Getting ready to be a paediatric intern? Then get ready to be woken up between midnight and 3 a.m. by an admission of excessive crying. More often than not by the time the baby comes to the hospital, the vibration of the car/trishaw ride has soothed the baby into pretty much a sedative coma. Annoying? Yes. Must be seen? Also, yes.
The background story
An anxious new mother brings a crying 2 month old baby boy. The baby is exclusively breast fed (on demand feeding) and has not had any prior problems. The mother claims the child has been excessively crying for about 3 hours continuously and cannot be soothed. The mother says the baby has had no fever, cough, cold, vomiting or loose stools. There was also no contact history of cough/cold. When crying the baby had refused to feed, but had fed 6 hours prior and passed urine/stools as normal during the day. There was no previous history of similar events.
So what did I do?
After taking a quick history, the mother was almost in tears as the baby had kick started the howling again, and so to give her a break I picked up the baby. As expected, the baby was inconsolable and only mildly settled even with my magic almost always effective techniques. On quick examination, the child was found to be hydrated with adequate weight gain and no fever. The child does not cry in response to touch or movement and physical examination was otherwise normal. No labial adhesion was found.
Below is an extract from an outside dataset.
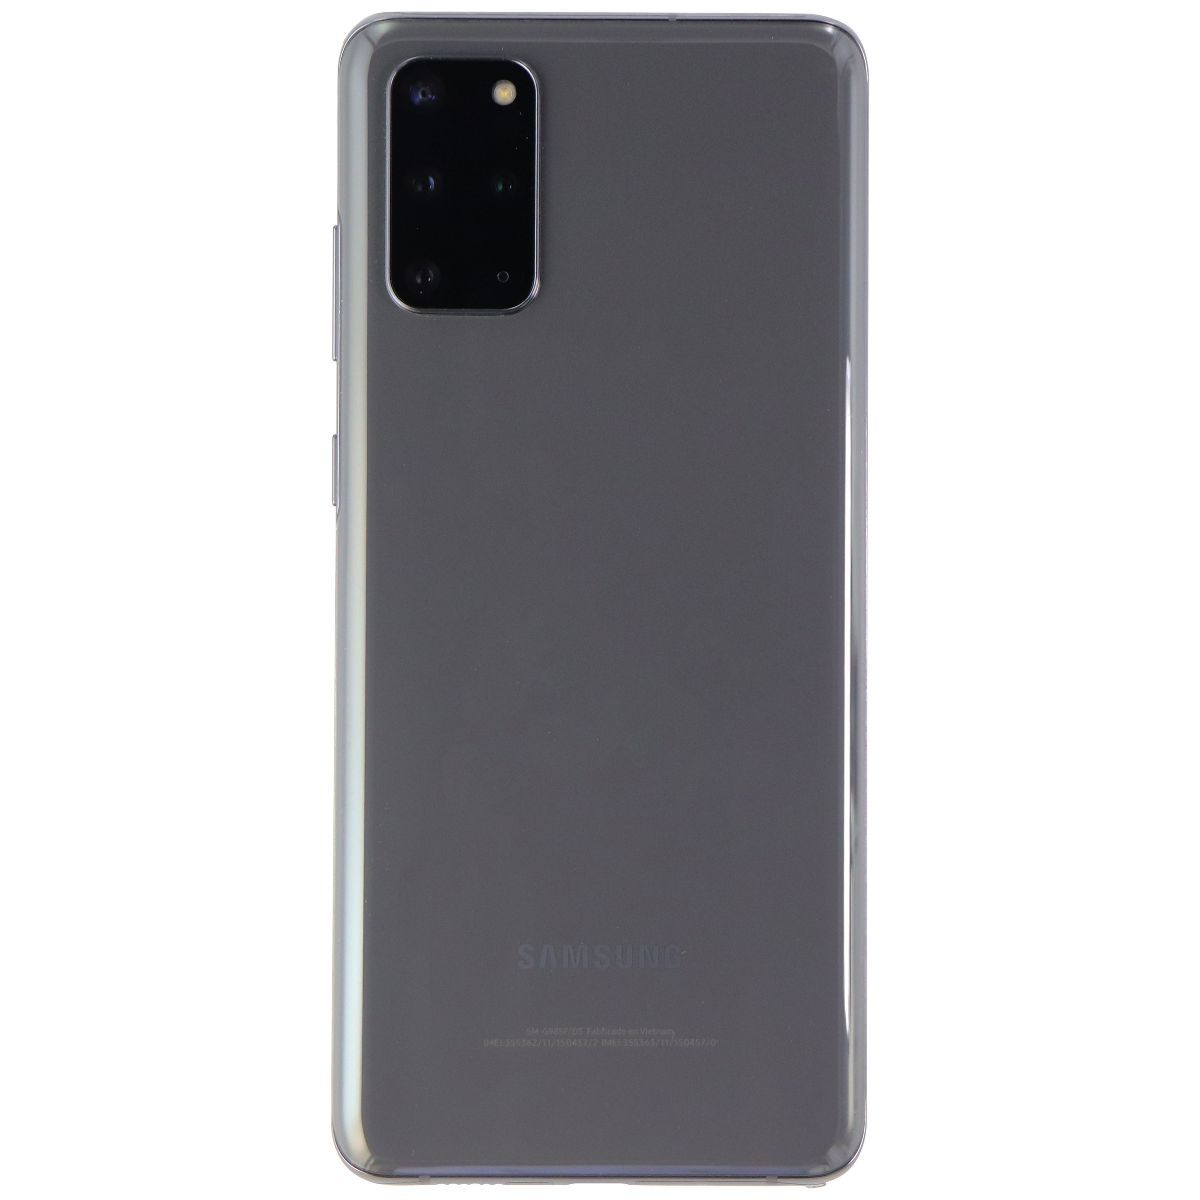 Samsung Galaxy S20+ (6.7-in) Non-5G (SM-G985F/DS) UNLOCKED - 128GB/Cosmic Gray Cell Phones & Smartphones Samsung    - Simple Cell Bulk Wholesale Pricing - USA Seller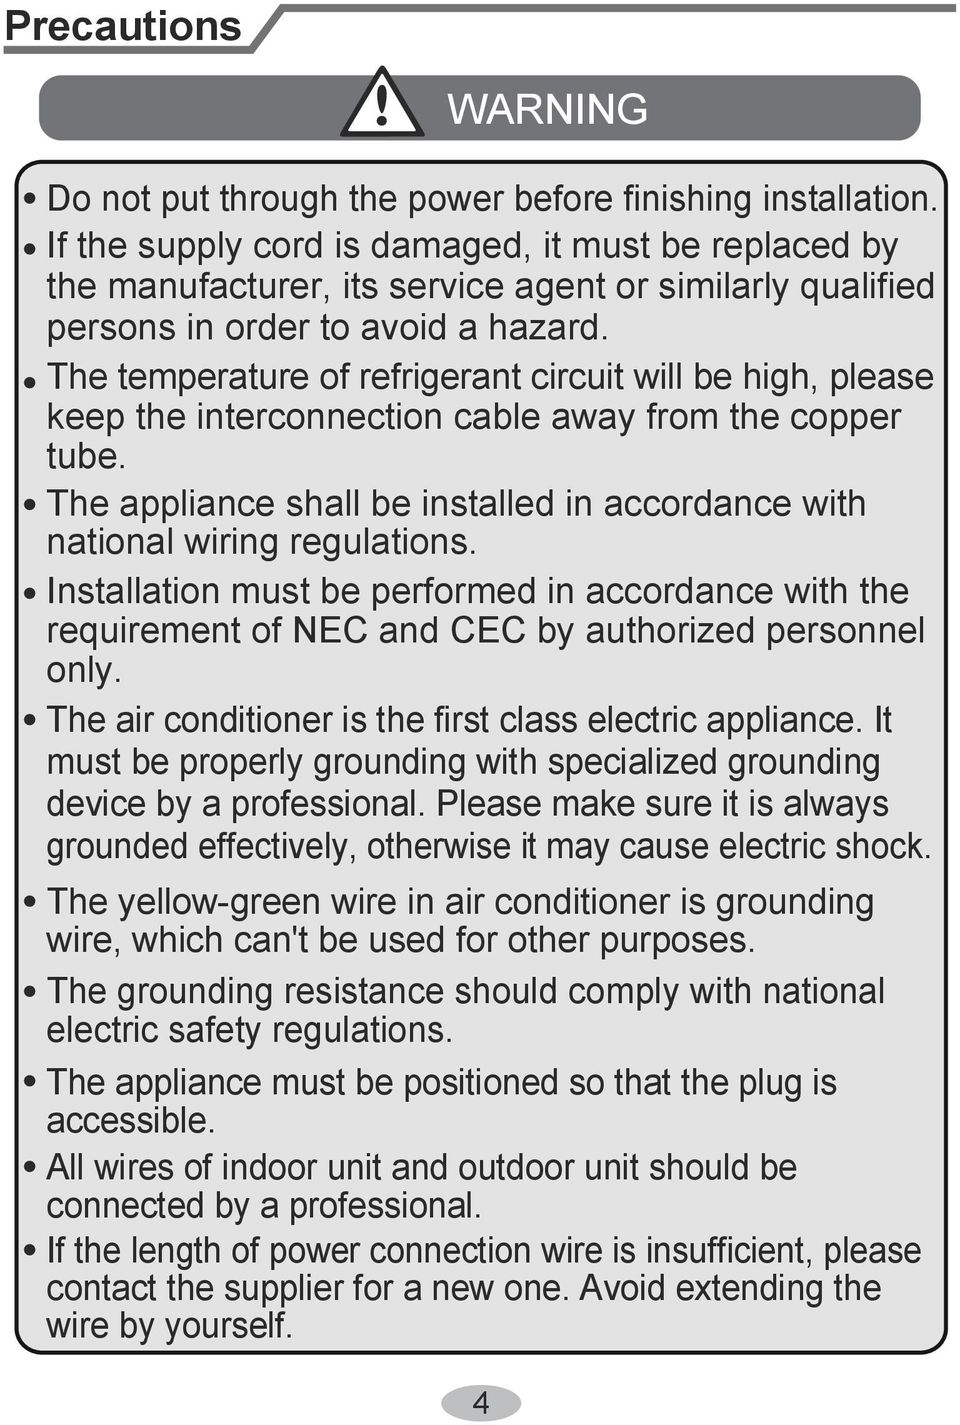 The temperature of refrigerant circuit will be high, please keep the interconnection cable away from the copper tube. The appliance shall be installed in accordance with national wiring regulations.

Investigations and management?
One of the best things I learnt from my paediatric consultant was not to invasively investigate otherwise healthy babies.
Assessment of breast feeding would be first on the management plan agenda just to ensure the baby is being fed adequately (not too much or too little). The one thing you should not miss with excessive crying is an infection such as a urinary tract infection which can be common. Instead of picking the baby you can just ask the mother to collect 2 samples of urine for a urine full report and urine culture. If the baby had frothy or explosive stools, it may be useful to investigate for food intolerances.
Colic is quite common in this age group, but there isn’t a lot you can do about it. There are mixed opinions on the use of simethicone in managing babies with colic, but in our department it was occasionally used and did have good results. An excessively crying baby is very difficult for parents to bear with especially for new parents and so parental education is very important. A change in environment such as in the way the baby is carried and swaddled may also help. A hypoallergenic diet for breast feeding mothers that excludes cow’s milk protein may also be helpful. Colic usually settles by the age of 3-4 months.
Intussusception, torsion of the testes and strangulated hernias are also important differential diagnoses to consider.
Conclusion
Colic is a relatively common encounter in the paediatric setting. It is equally found amongst the sexes and in both bottle & breast fed babies. However, it is more common in pre term babies. The mainstay of treatment is parent education as it can be particularly frustrating. It is a common admission, so hang onto your patience as the mother may need more comforting than the baby!